I believe it is ultimately important in the arts (of which photography is certainly one) to remember the treachery of images– that the image (the artistic creation) is NOT the reality which inspired it. And it is good to remember that photographic "purity" is more a phantom than a reality...that "distortion" is really the foundation of the photographic arts rather than its bane.

Thursday, December 15, 2011

Photographic Purity– (Building a Panoramic)

We've seen that distortion is built into the process of producing a conventional photographic image. If we take a few regular photographs from the same location, slightly rotating the camera for each frame, we effectively cover a greater field of view with the shots. If the shots slightly overlap each other at the sides, we ought to be able to easily combine  them to produce a single wide-angle image.

Unfortunately, this process will not work because the built-in distortion of the camera lens causes all features in the view to change shape when the camera points in a different direction. When a particular feature is on the right side of the field of view it's one shape, and when on the left side of the field of view it's a slightly different shape.
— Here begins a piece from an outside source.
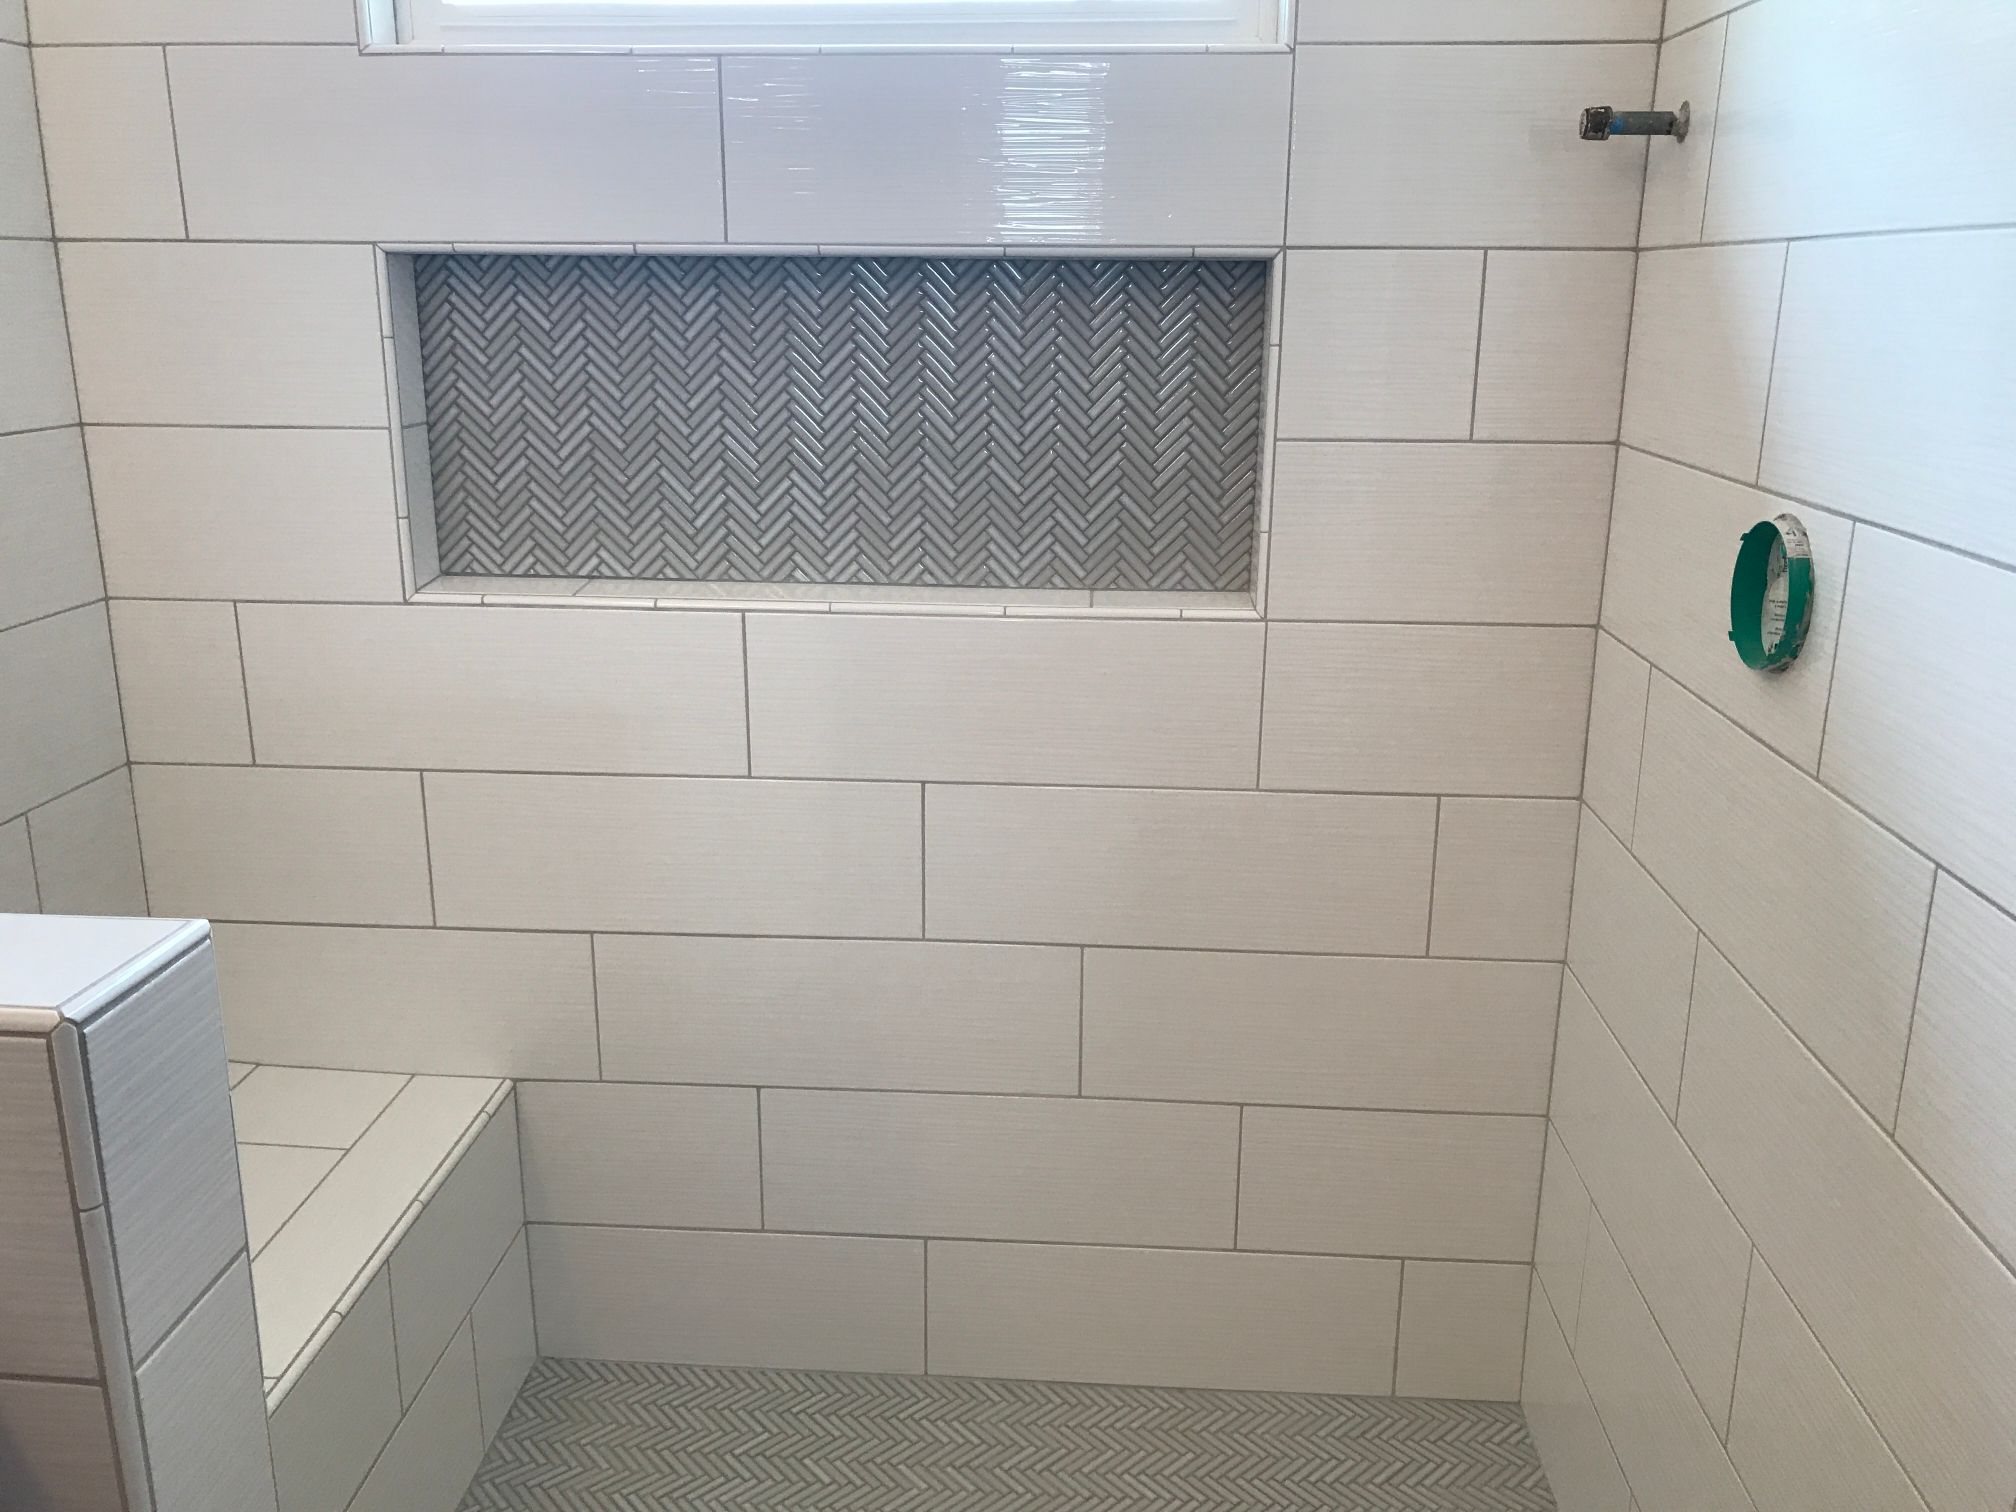 Herringbone pattern on custom tile shower shelf and floor with a bench seat.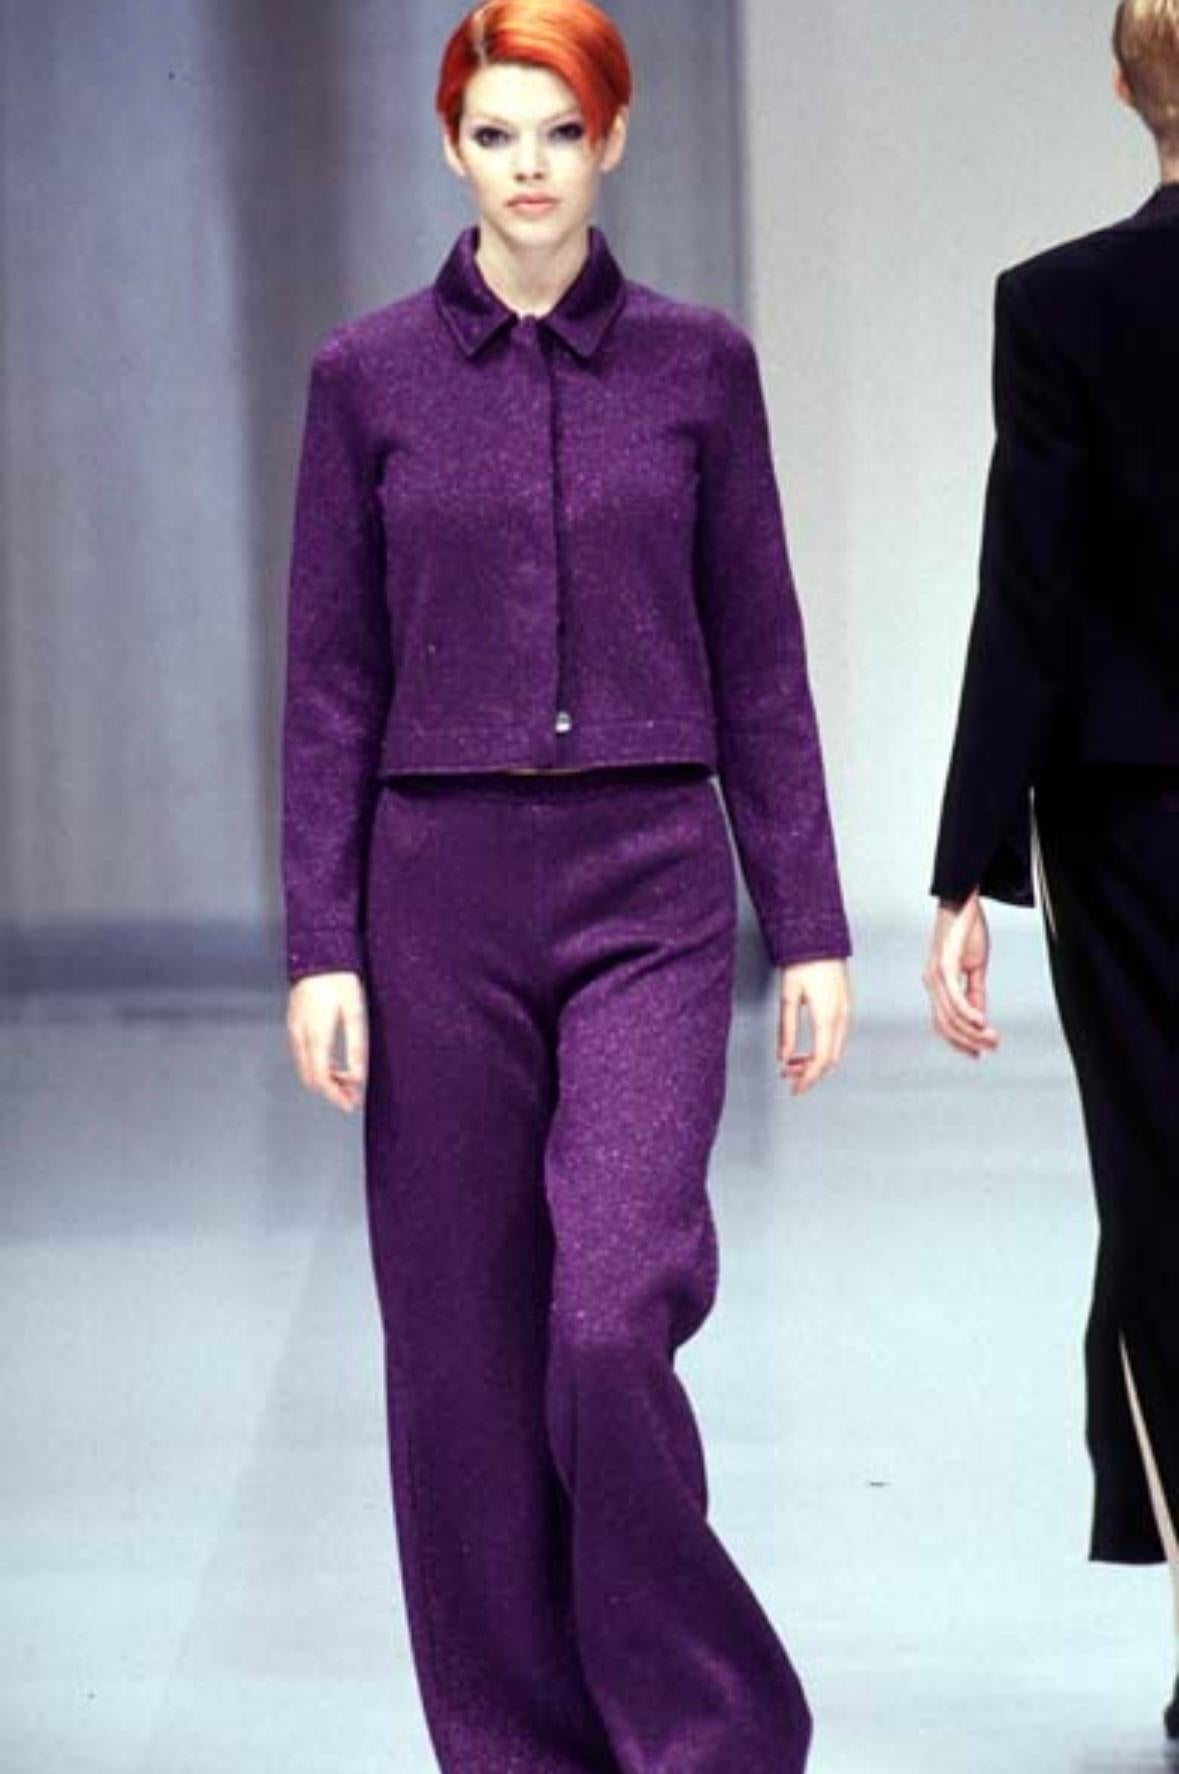 Presenting a fabulous dark purple Salvatore Ferragamo knit jacket. From the Fall/Winter 1996 collection, this jacket features a fold-over collar and concealed button closure. This metallic woven jacket debuted on the runway and perfectly catches

So, when the right side of the first image is overlaid on the left side of the second image, the shapes do not match. This results in either ghost images, missing information, or otherwise mismatched overlaps in the final pano image.

For a proper, undistorted blending of conventional camera shots into a wide angle panorama, the built-in distortion of a standard camera lens must be eliminated, or at least minimized. Once the distortion has been removed the separate frames may be simply overlaid on each other, with the overlapping parts of the images matching well and the images blending into one.
Panoramic sequence of nine frames that have been geometrically remapped to remove camera lens distortion

In the days before modern digital computing, this distortion elimination was nearly an impossible task. Now, this process has become not only possible but even fairly simplistic to the user. Although it seems easy from the outside of the computer, there are actually many billions of calculations and transformations being carried out for a single panorama to be compiled.

Sunday, December 11, 2011

Photographic Purity– (Distortion By Intent)


The whole idea of producing a precisely rectangular  image of a known rectangle in the real world is suspect, and actually a distortion of reality. I say this because a rectangular object cannot truly appear as precisely rectangular.

At first blush this sounds counter-intuitive. You might say: "Of course rectangular objects look rectangular- what else would they look like?!" But do they? Under most circumstances, rectangular objects appear mostly rectangular, but widen the view that a rectangular object encompasses, and the picture becomes clearer.

Imagine that you are standing in front of a very large one story building- let's say that it is 10 feet high, 200 feet wide, and you are 20 feet away from it. The left end of the building stretches way off to the left, and the right end to the right. Those ends of the building appear very small, while the middle of the building right in front of you appears quite large. How then, can the front of the building appear as a rectangle?

In fact, the top of the building and the bottom of the building must actually appear as curved edges, with the two curves farthest apart in the middle, and closer together at the two distant ends. This is a simple consequence of the fact that closer objects appear larger and distant objects appear smaller. For a rectangular object centered on the direct axis of view, this causes all sides of the rectangle to appear slightly bulged out away from the center.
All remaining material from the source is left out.